= 2021–22 Coupe de France preliminary rounds, Centre-Val de Loire =

The 2021–22 Coupe de France preliminary rounds, Centre-Val de Loire was the qualifying competition to decide which teams from the leagues of the Centre-Val de Loire region of France took part in the main competition from the seventh round.

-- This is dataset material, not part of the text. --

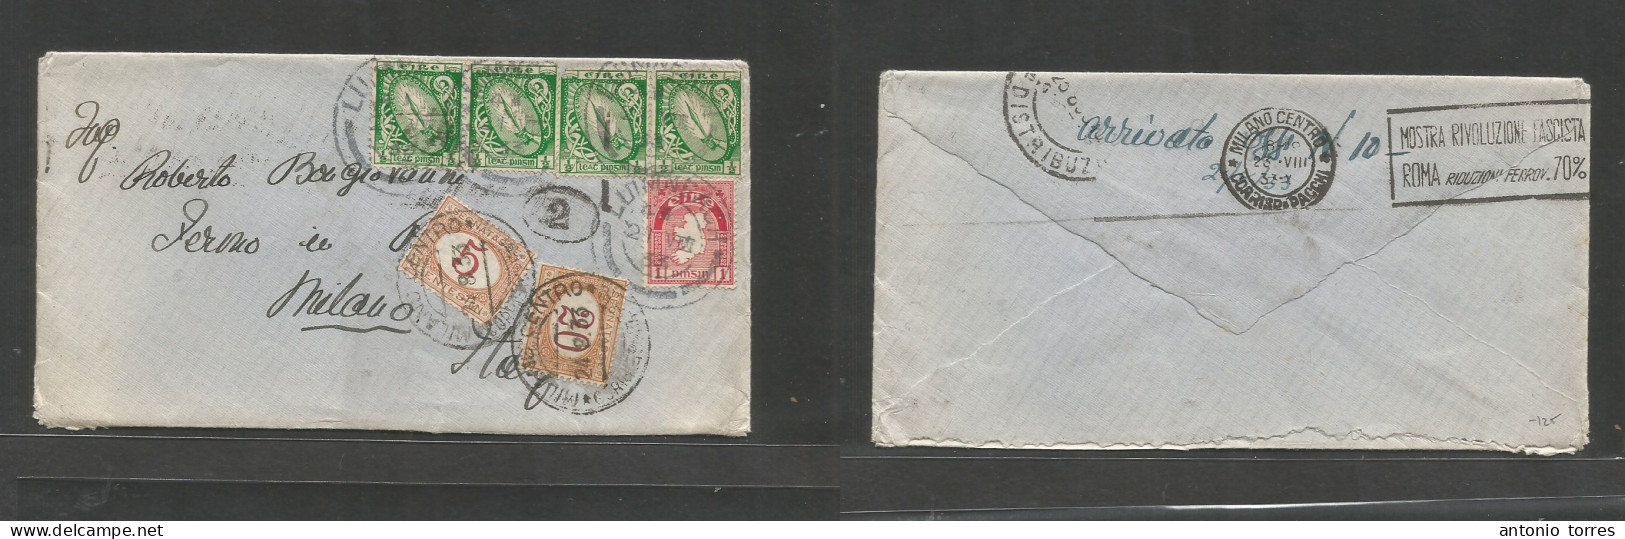 Eire. 1933 (21 Aug) Luimoneach - Italy, Milano, Italy (24 Aug). Multifkd Env At 3d Rate, Tied Cds + Taxed At Arrival At - Used Stamps

A total of six teams qualified from the Centre-Val de Loire preliminary rounds. In 2020–21, SO Romorantin progressed furthest in the main competition, reaching the round of 32 before losing to Voltigeurs de Châteaubriant.

==Draws and fixtures==
On 15 July 2021, the league published the draw for the first three rounds of the competition, the preliminary round, first round and second round. A total of 244 teams from the region entered the competition. 50 teams from District 3 and District 4 levels entered in the preliminary round, with a single District 3 team exempted to the first round. The 84 remaining District level teams entered at the first round stage. 67 teams from the Régional leagues entered at the second round stage. The 10 Championnat National 3 teams entered at the third round stage, the 6 Championnat National 2 teams entered at the fourth round stage, the 2 Championnat National teams entered at the fifth round stage.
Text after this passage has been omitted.